**Source material**
-.-.-
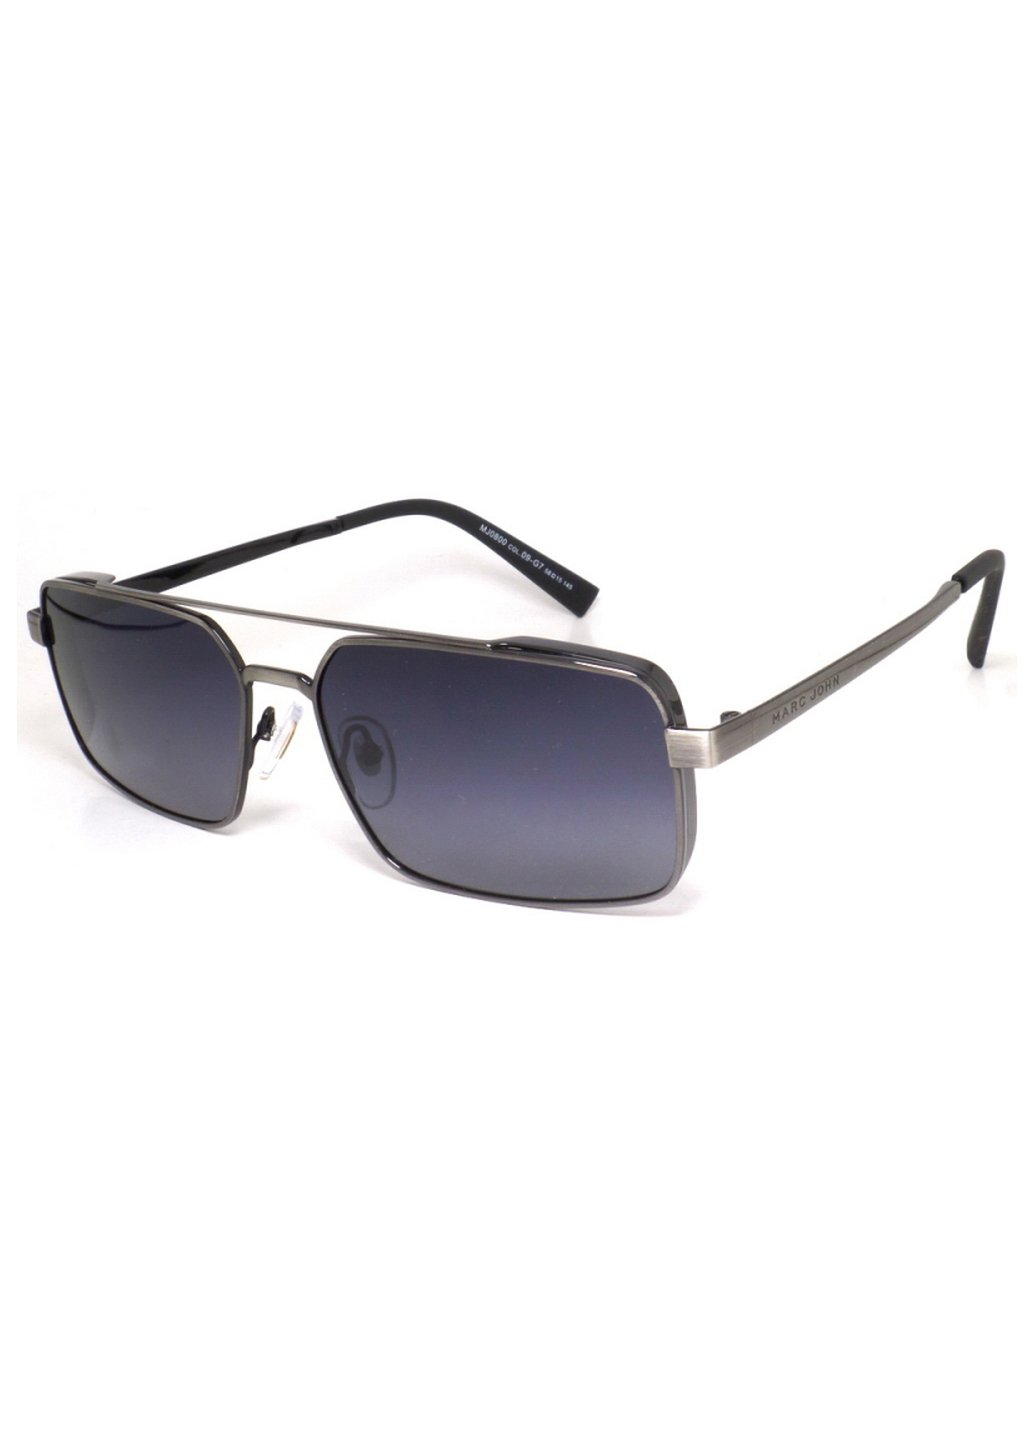 Купить Мужские солнцезащитные очки Marc John с поляризацией MJ0800 190009 - Синий в интернет-магазине
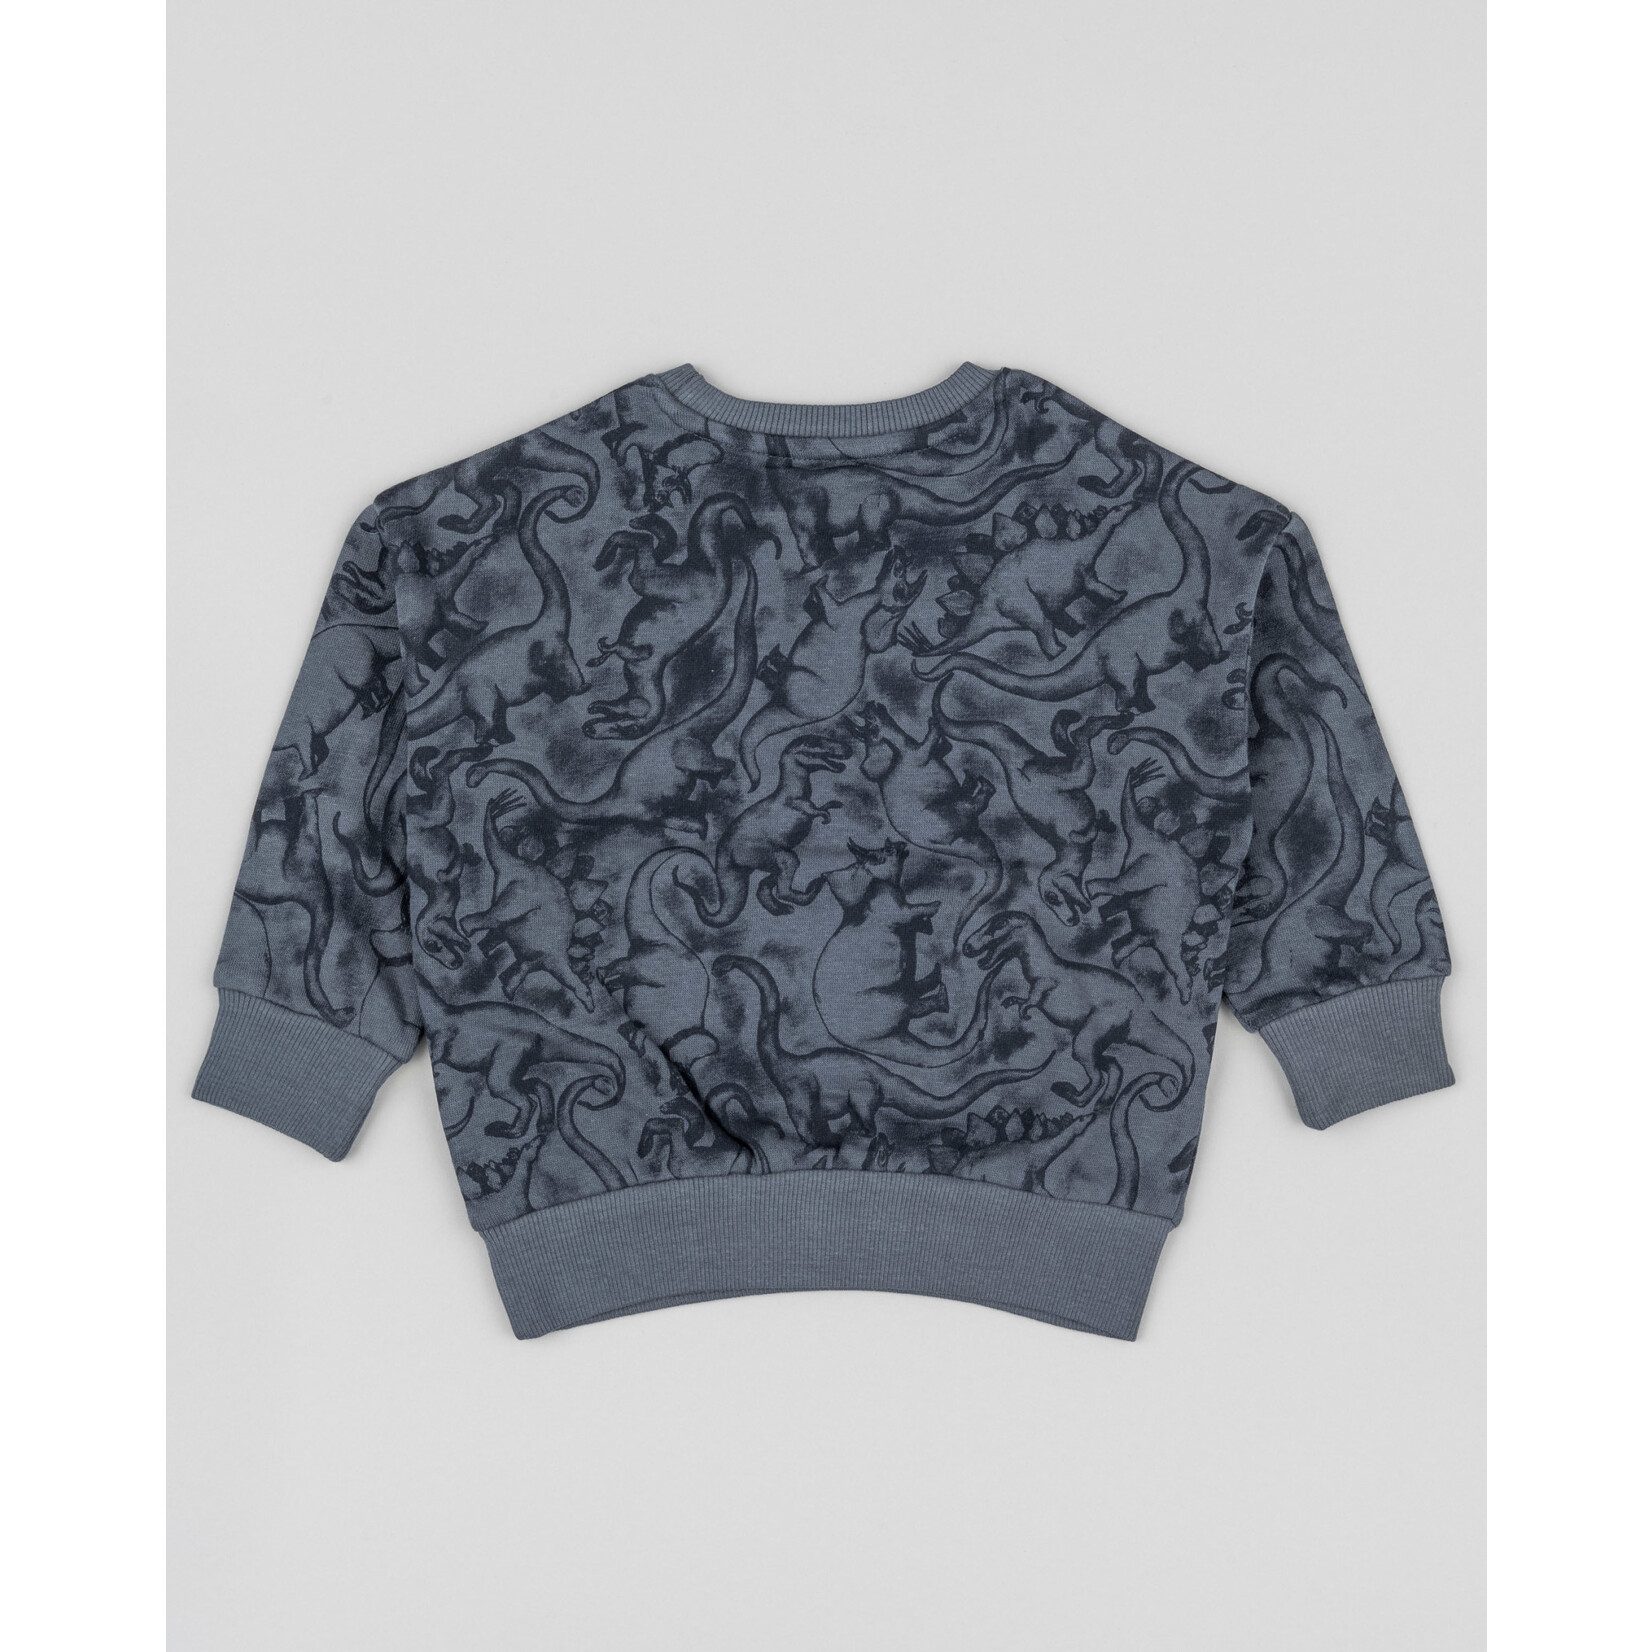 Losan LOSAN - Chandail coton ouaté gris foncé avec silhouettes de dinosaures
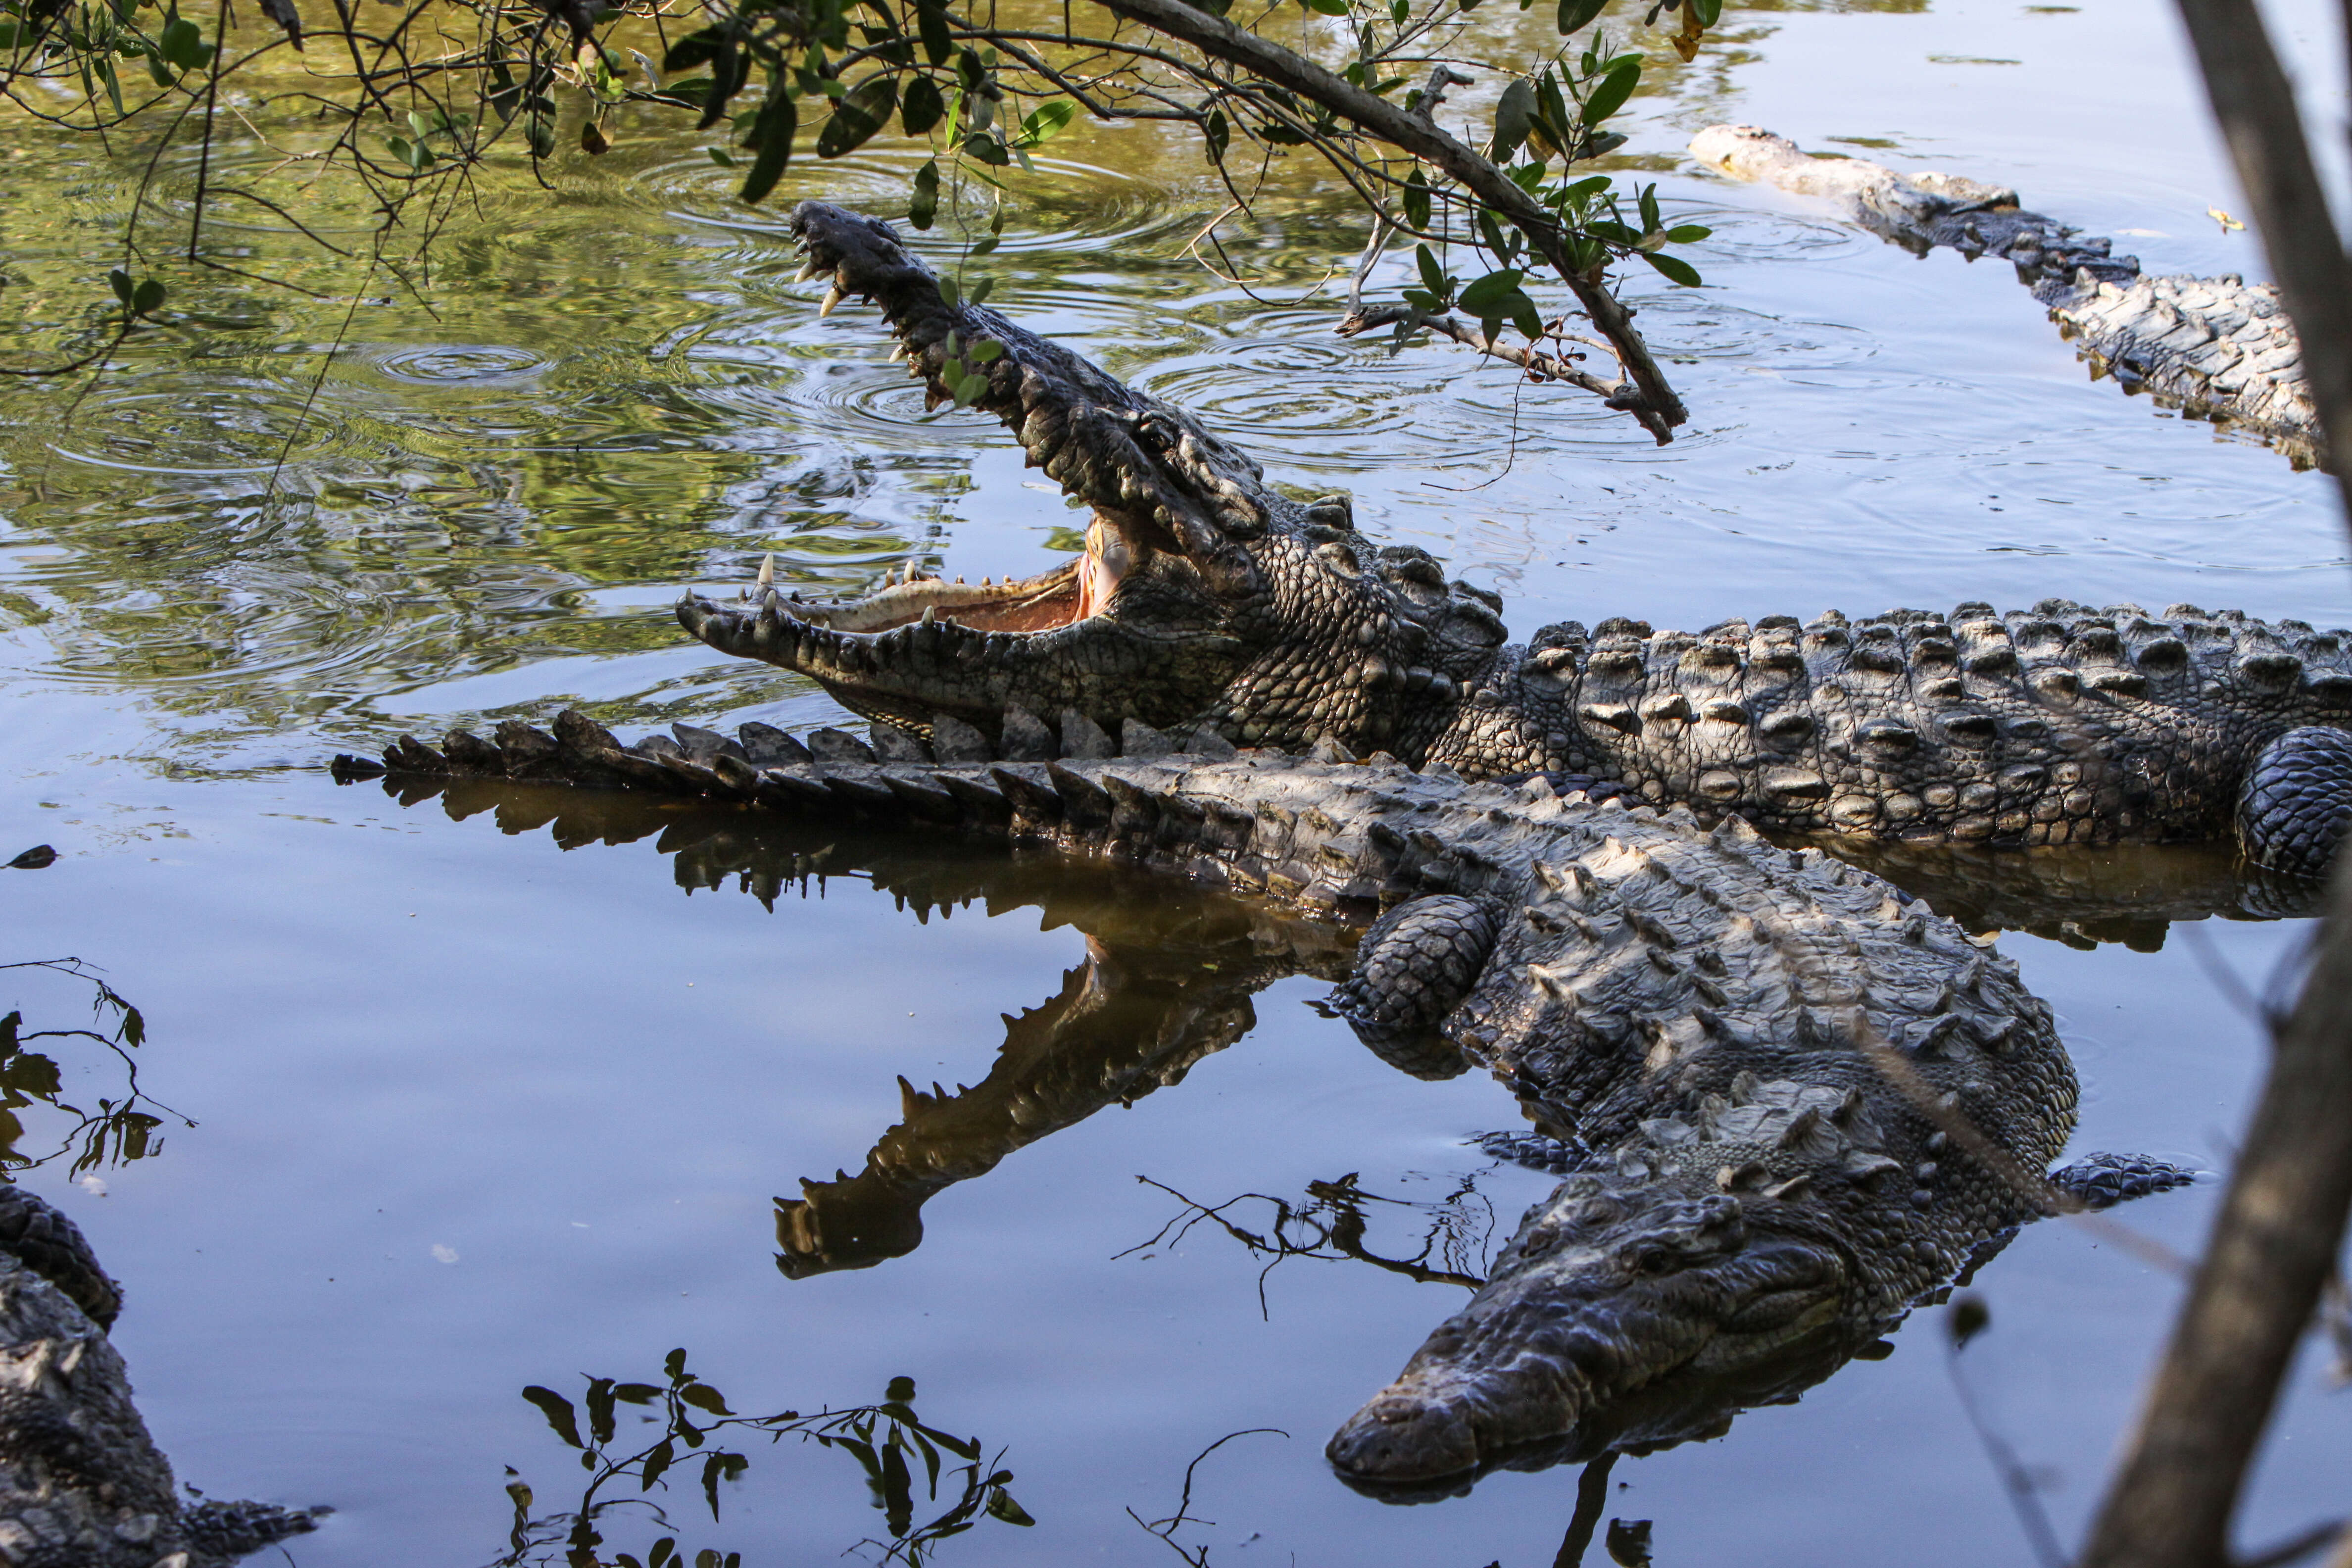 Image of American Crocodile
-.-.-
**Task directions**
Leaving every picture out, output the data exactly as it stands.

**Exercise answer**
 Купить Мужские солнцезащитные очки Marc John с поляризацией MJ0800 190009 - Синий в интернет-магазине
 Losan LOSAN - Chandail coton ouaté gris foncé avec silhouettes de dinosaures
 Image of American Crocodile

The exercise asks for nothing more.